Brief:
Please write out all the data that follows exactly, without the pictures.

Information supplied:
= = =
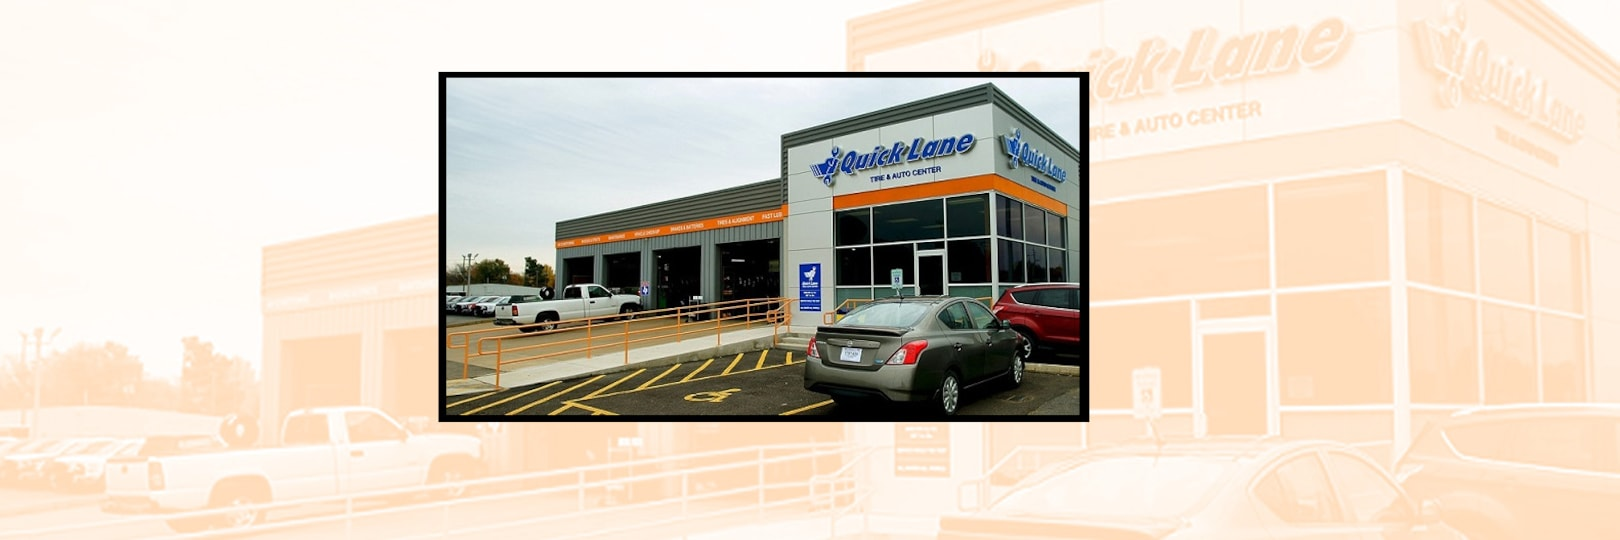 Mclarty Ford Texarkana >> McLarty Ford: Ford Dealership Texarkana TX | Near Ashdown
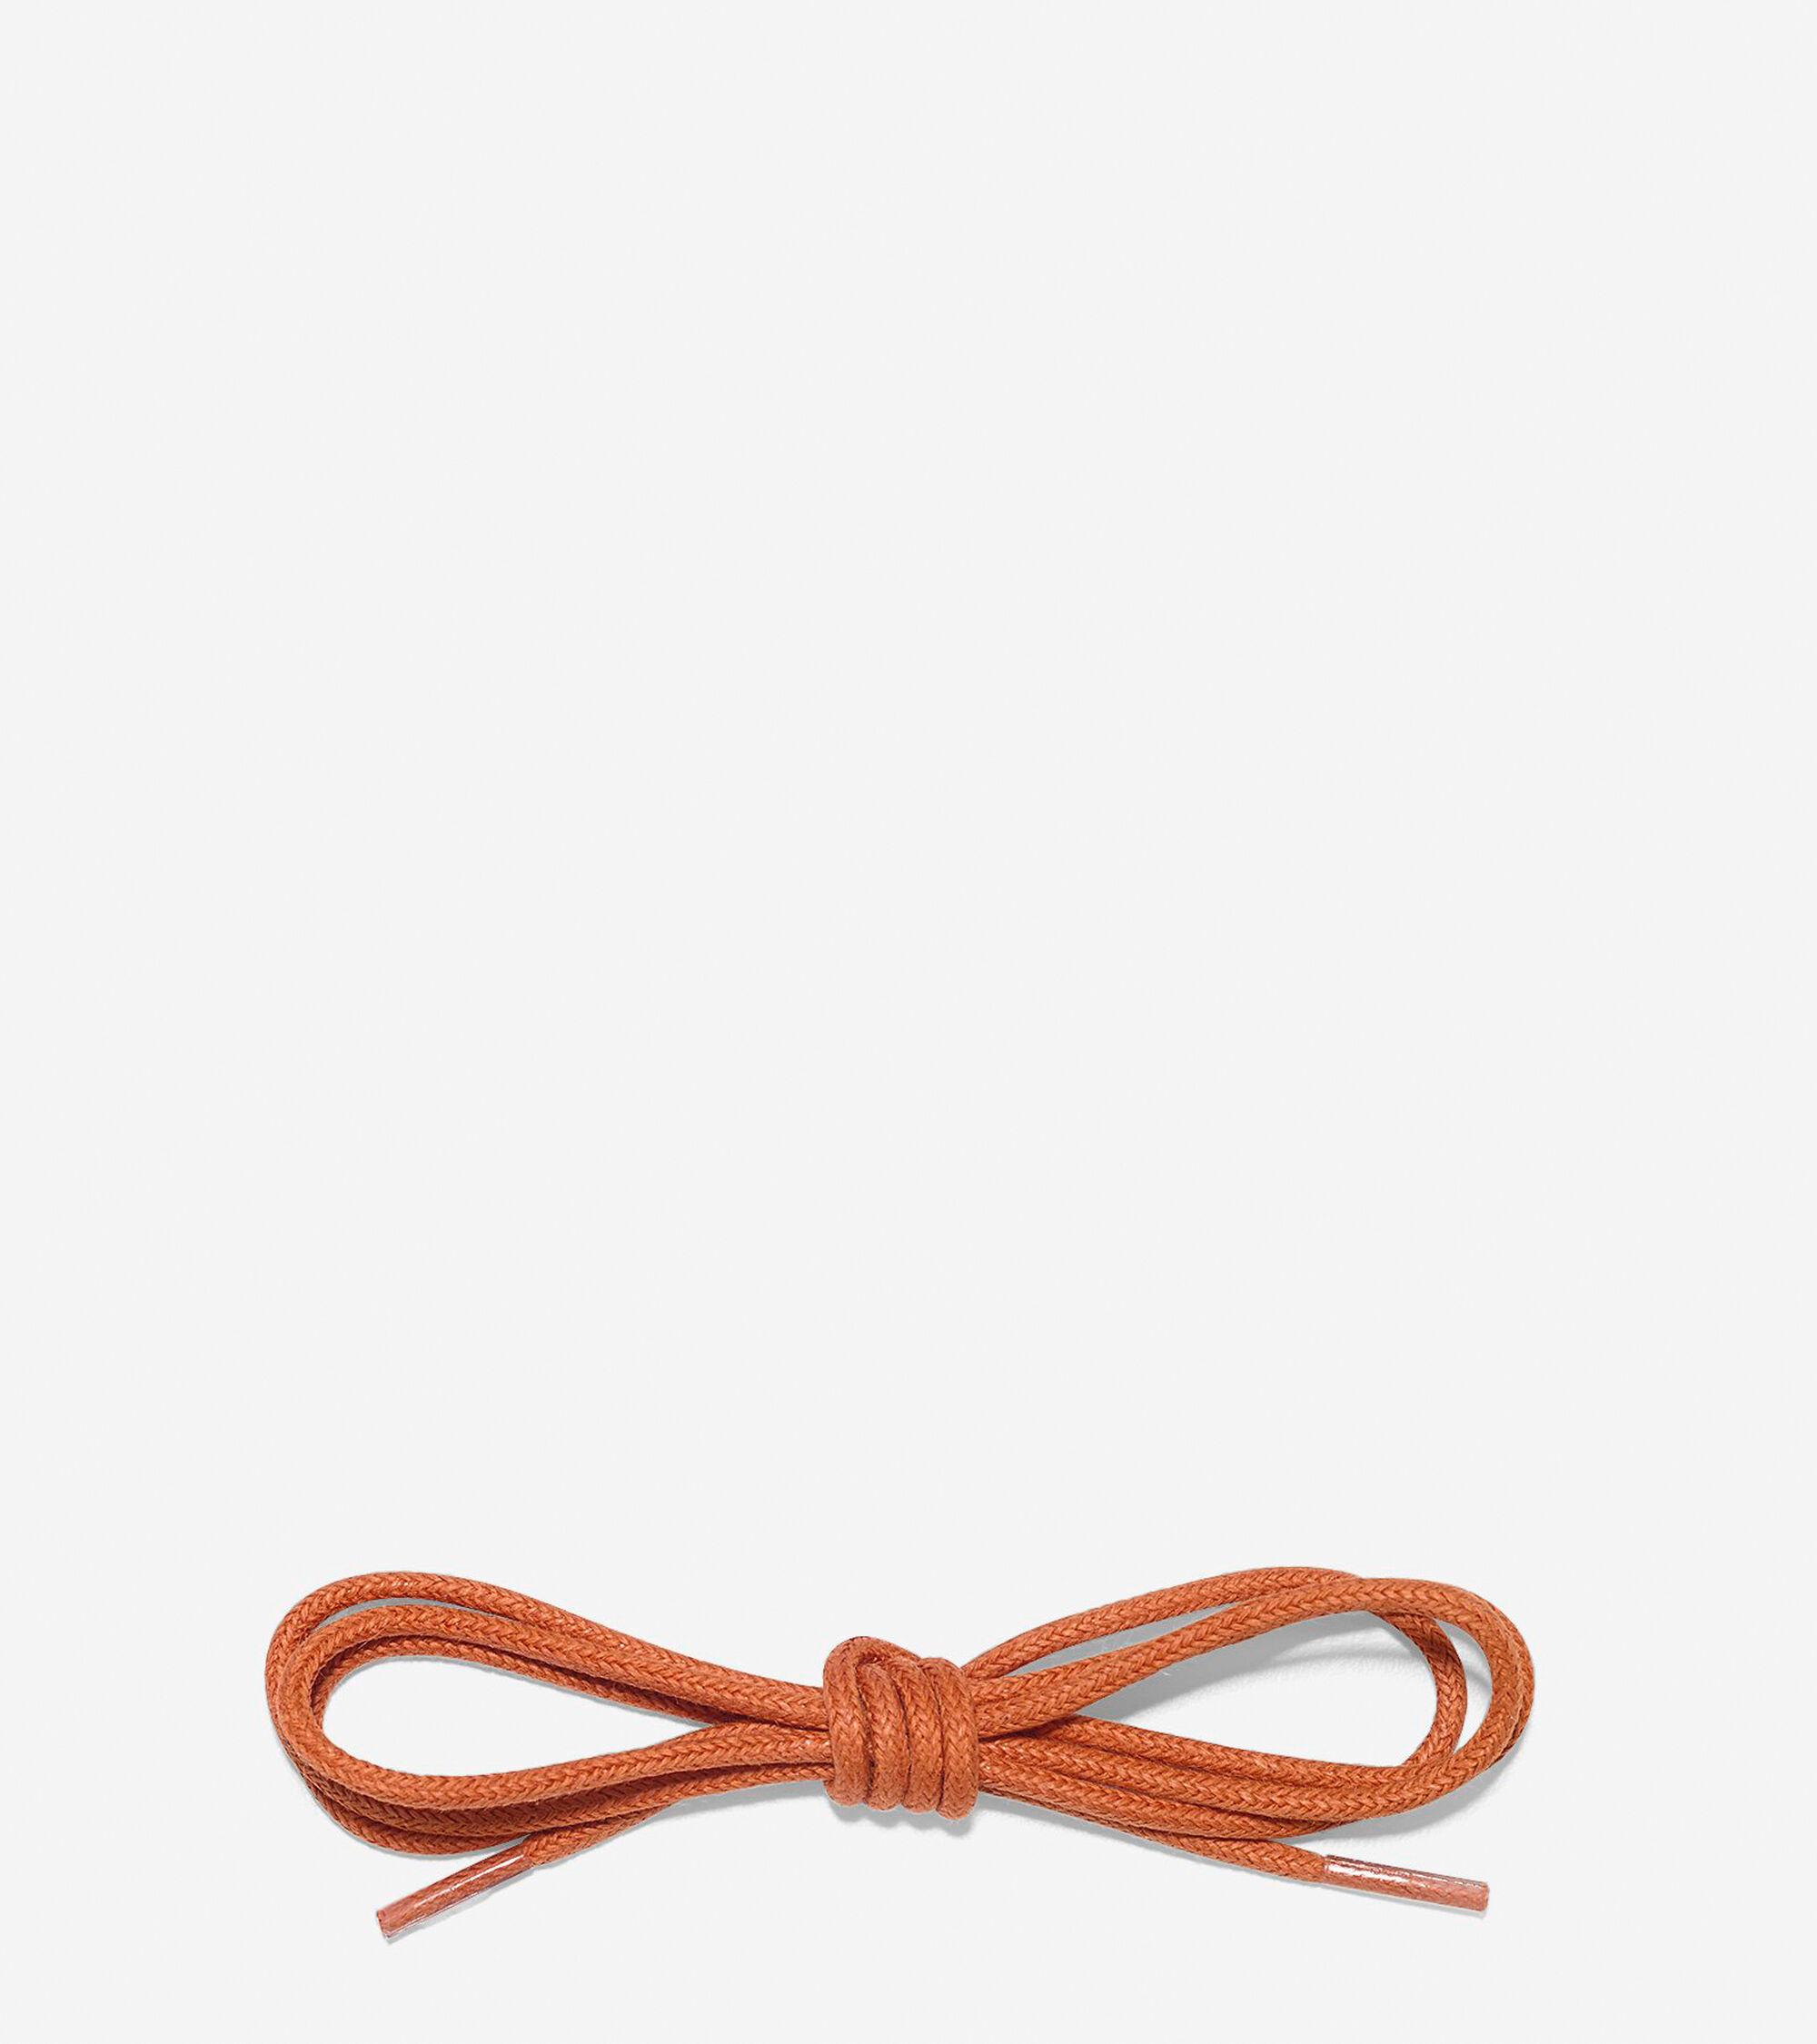 Accessories > Men's Dress Shoe Lace
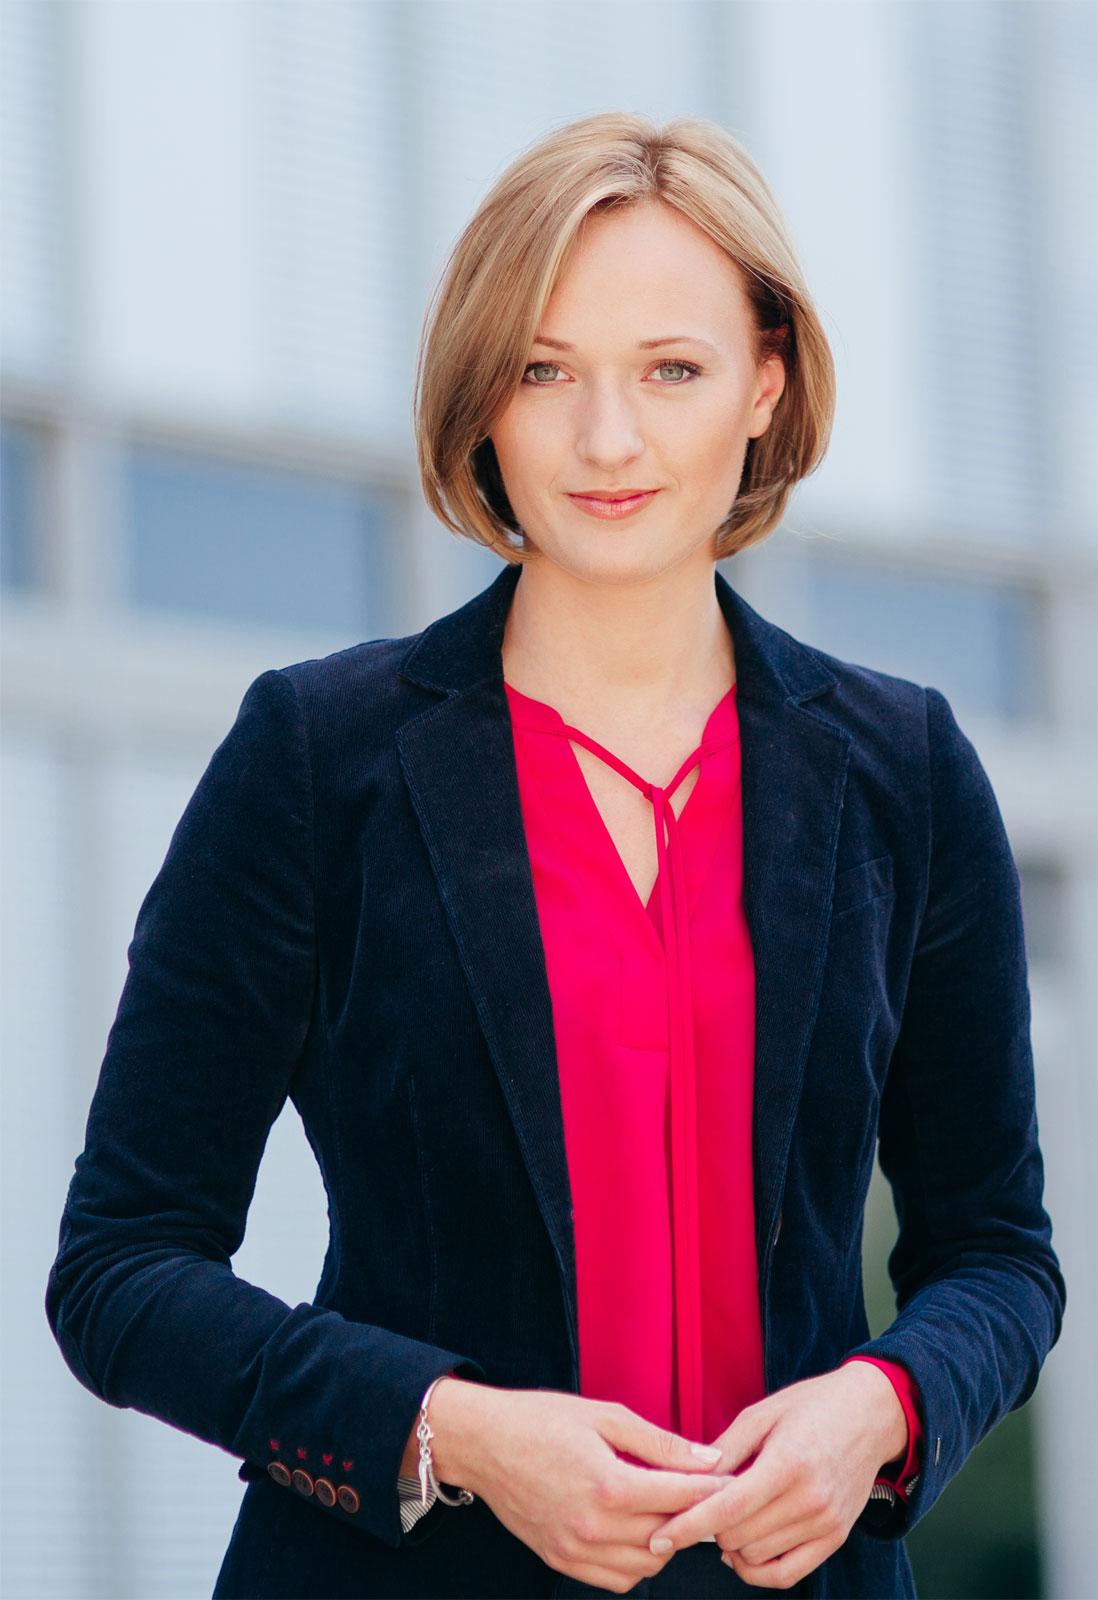 Joanna Procyszyn:
= = =
Written reply:
 Mclarty Ford Texarkana >> McLarty Ford: Ford Dealership Texarkana TX | Near Ashdown
 Accessories > Men's Dress Shoe Lace
 Joanna Procyszyn:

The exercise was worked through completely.